Had plaintiff received the decision affirming his grievance from prison officials before he filed his federal lawsuit, he would have exhausted his administrative remedies as required under § 1997e(a). Similarly, he would have exhausted his administrative remedies if he had assumed his complaint to be denied when 30 days had elapsed and appealed the assumed denial, as he was authorized to do under Wis. Admin. Code § DOC 310.12(3). However, because he filed his lawsuit before receiving an answer to either his initial grievance or to an appeal of that grievance, he failed to exhaust his administrative remedies with respect to inmate complaint number GBCI-2006-10334.
3. Inmate Complaint #GBCI-2006-11681
On April 21, 2006, plaintiff filed an inmate complaint numbered GBCI-2006-11681, alleging that he had been refused pain medication and medical treatment for his back on the weekend of March 31, 2006. On May 19, 2006, the institution complaint examiner dismissed the grievance. A copy of the decision was provided to plaintiff on May 22, 2006.
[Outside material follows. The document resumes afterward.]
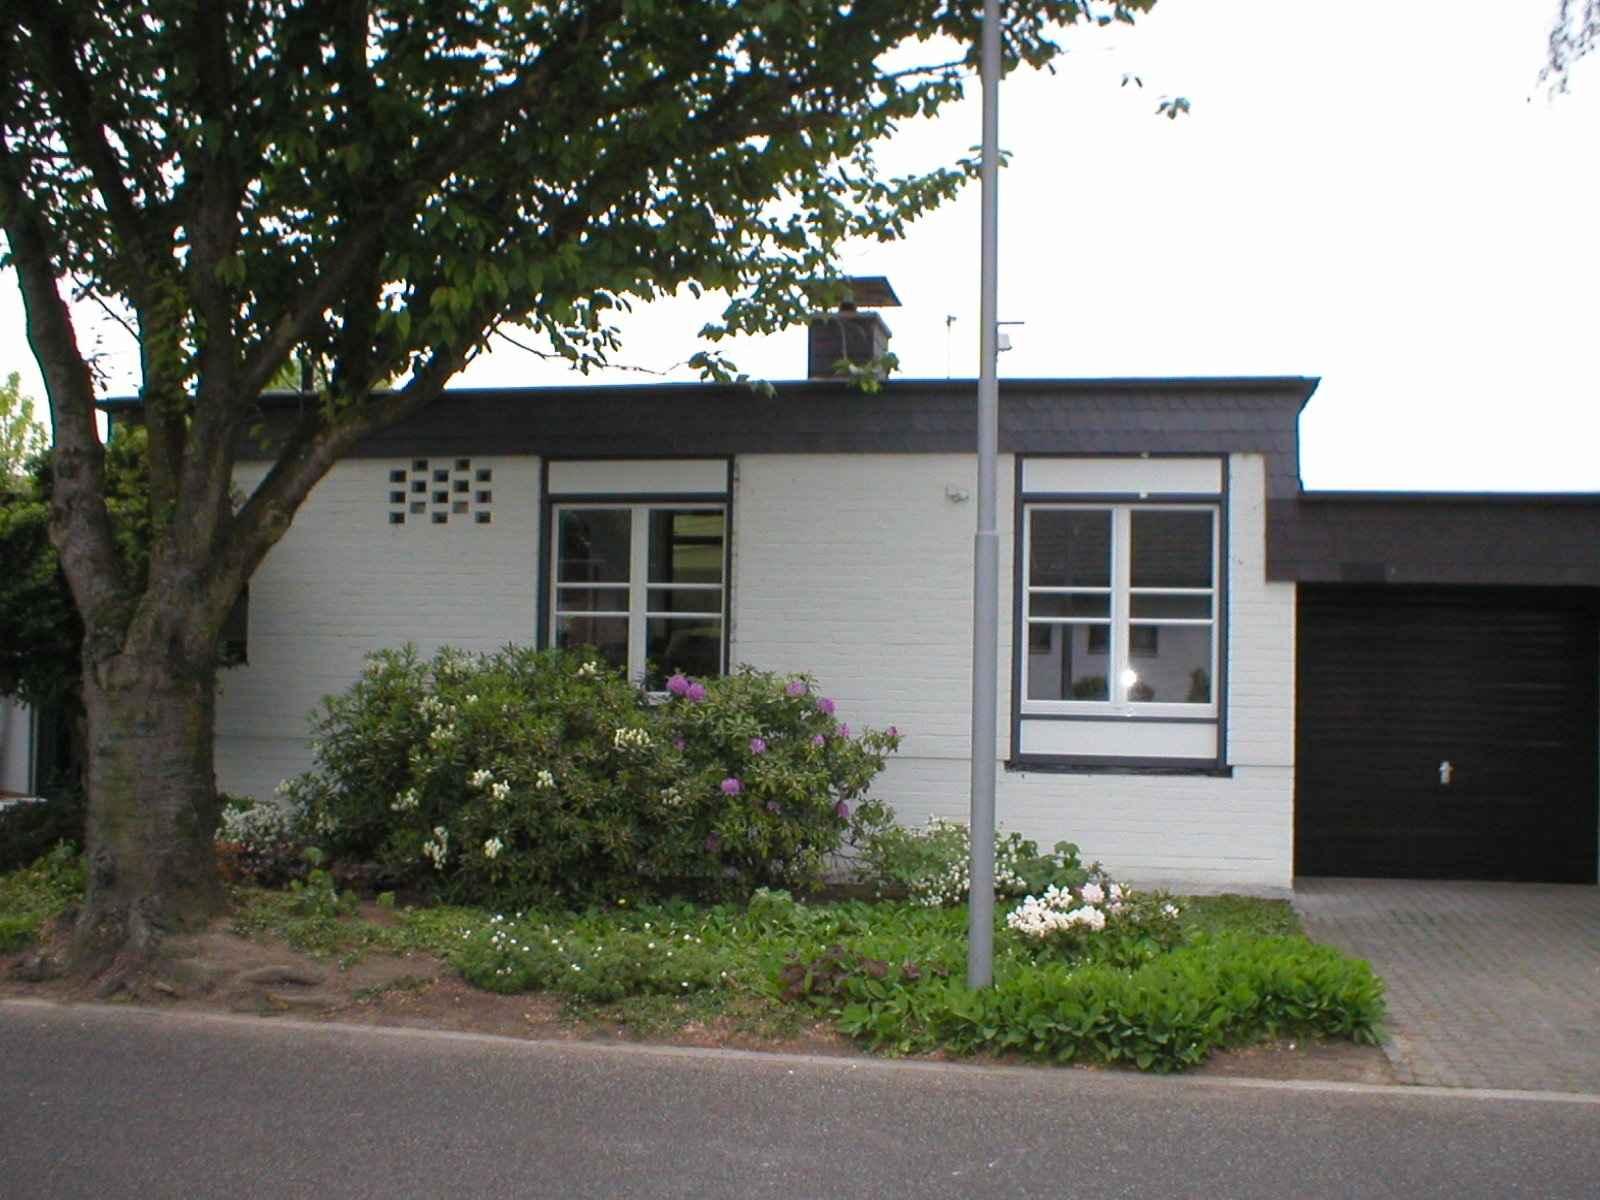 Holzfenster modern  NRW - Holzfensterhersteller - Holzfensterbau Bergers

When an institution complaint examiner renders an unfavorable decision on an inmate's grievance,
[a] complainant dissatisfied with [the] . . . decision may, within 10 calendar days after the date of the decision, appeal that decision by filing a written request for review with the corrections complaint examiner on forms supplied for that purpose.
Wis. Admin. Code § DOC 310.13(1). Although plaintiff received notification on May 22, 2006 that his complaint had been dismissed, he did not appeal the decision until June 12, 2006, more than ten days after the decision had been rendered. Therefore, the corrections complaint examiner did not consider the appeal because it was untimely.
"To exhaust remedies, a prisoner must file complaints and appeals in the place, and at the time, the prison's administrative rules require." Pozo, 286 F.3d at 1025. An inmate who fails to "us[e] all steps that the agency holds out, and do so properly" is foreclosed by 42 U.S.C. § 1997(e) from bringing a suit. Woodford v. Ngo, 126 S. Ct. 2378, 2380-2381 (2006) (citing Pozo, 286 F.3d at 1024). Because plaintiff did not exhaust any of his three prison grievances regarding the treatment he was allegedly denied on the weekend of March 31, 2006 before he filed suit in this court, defendant's motion to dismiss must be granted.
ORDER
IT IS ORDERED that defendant's motion to dismiss plaintiff's complaint is GRANTED. The clerk of court is directed to enter judgment in favor of defendant and close this case.